Description of the task —
Copy each line below exactly as it appears. Pictures are to be omitted.

[[ The data open ]]

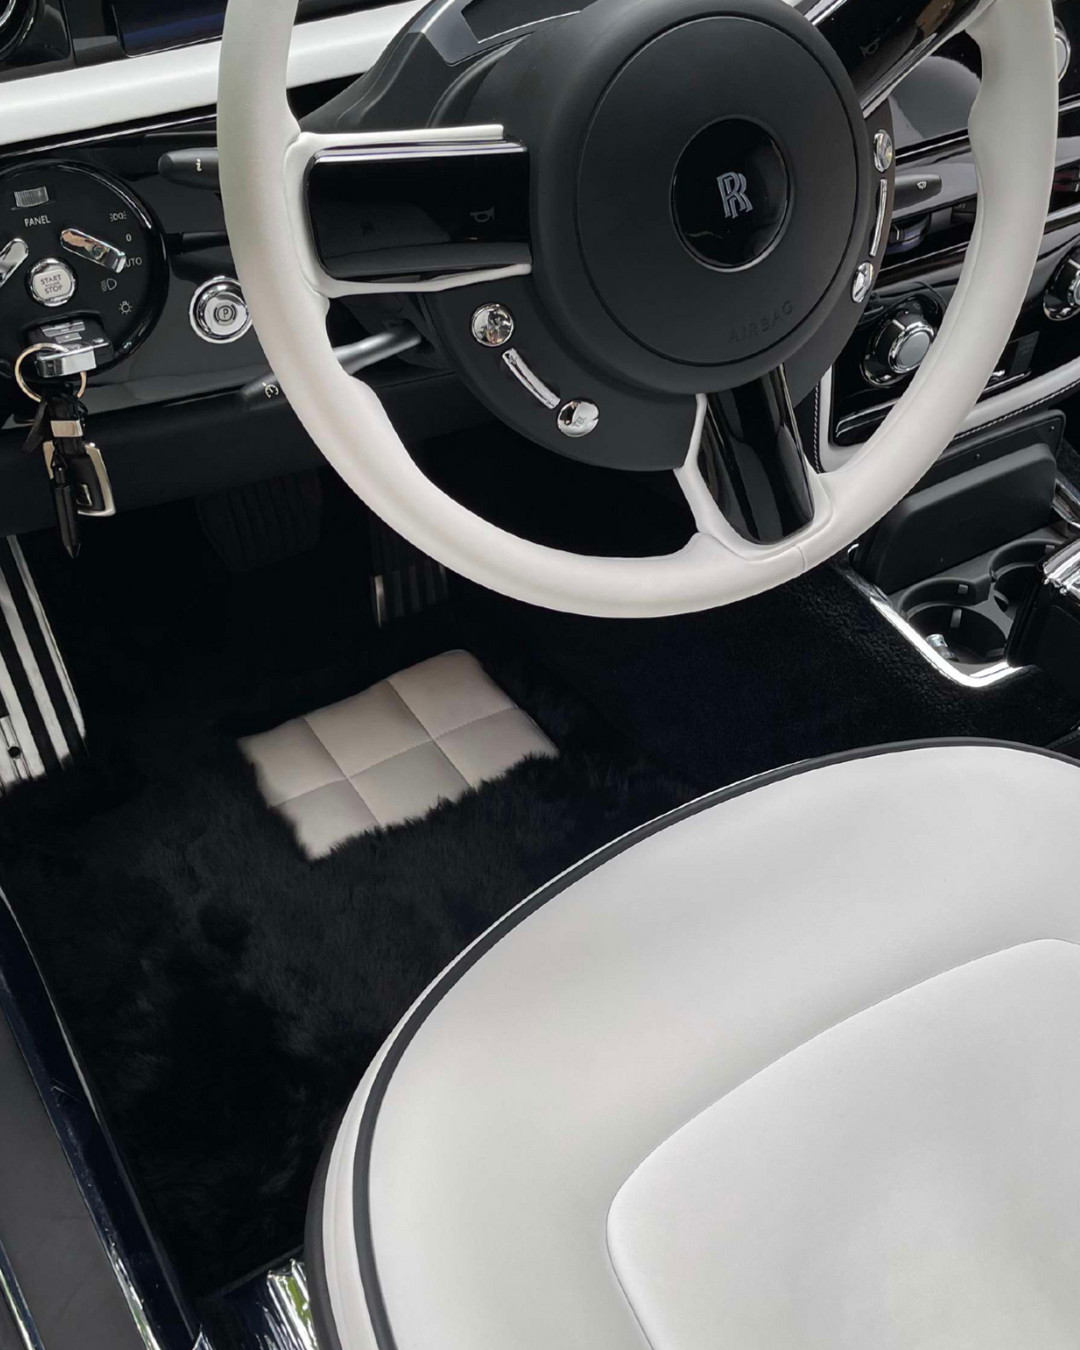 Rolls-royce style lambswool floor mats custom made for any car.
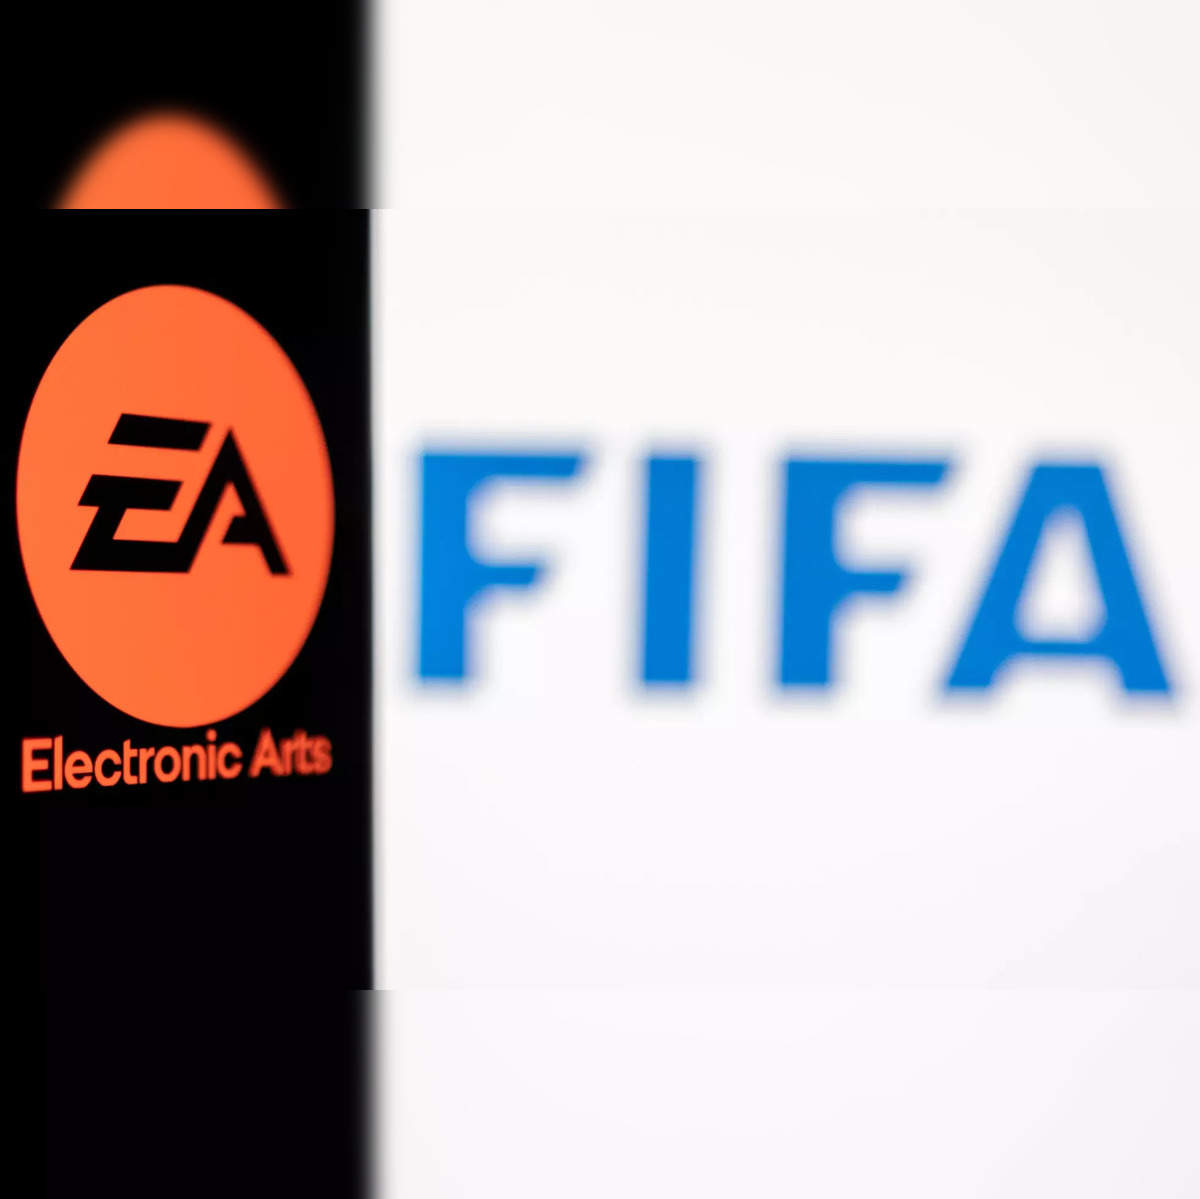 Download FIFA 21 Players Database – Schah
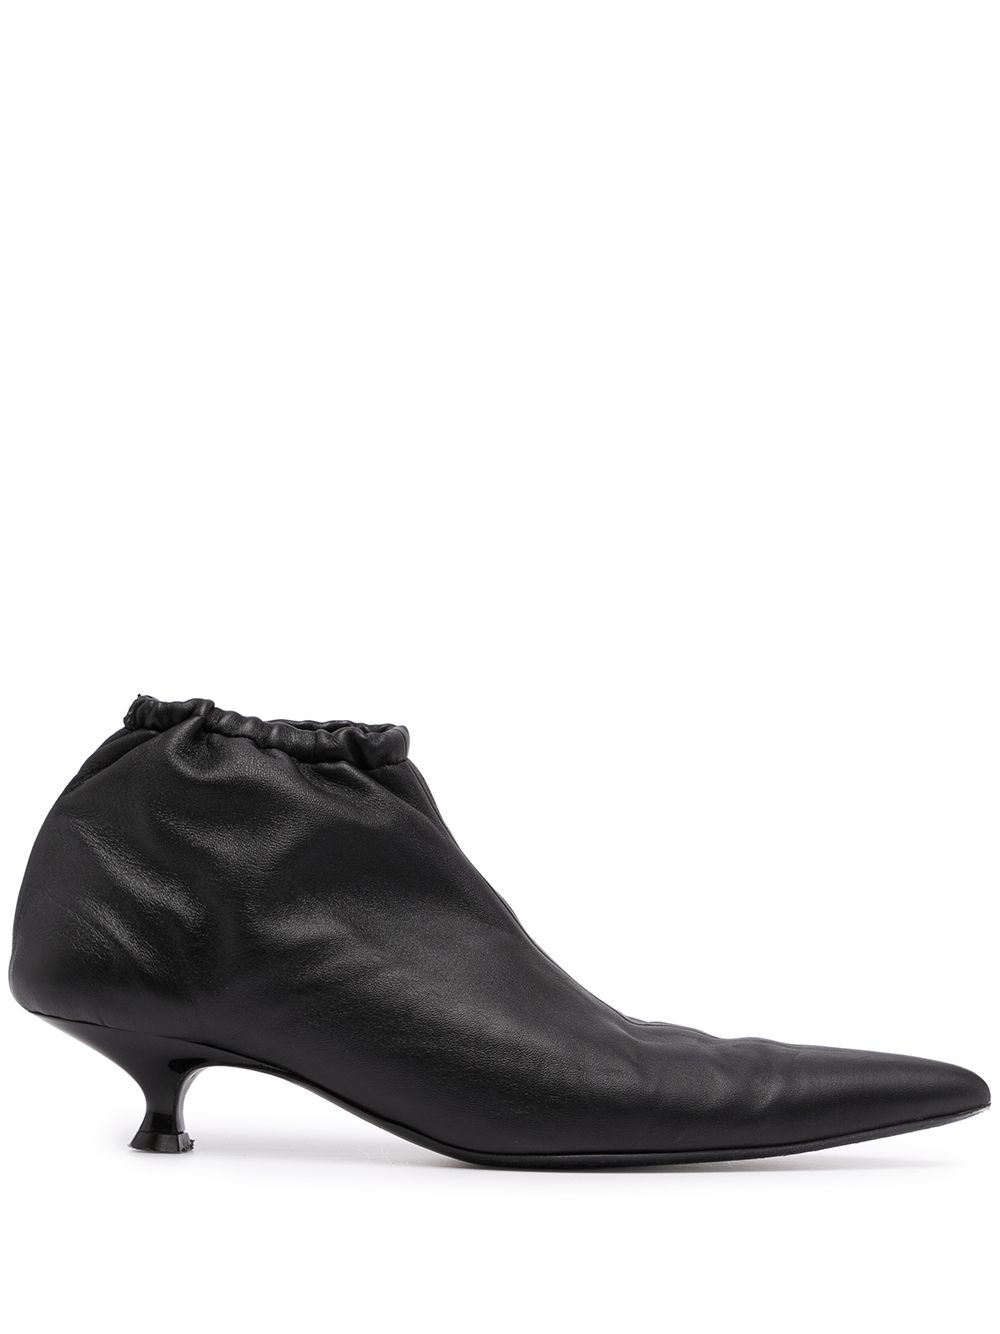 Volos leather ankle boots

[[ The data closed ]]

Answer section —
 Rolls-royce style lambswool floor mats custom made for any car.
 Download FIFA 21 Players Database – Schah
 Volos leather ankle boots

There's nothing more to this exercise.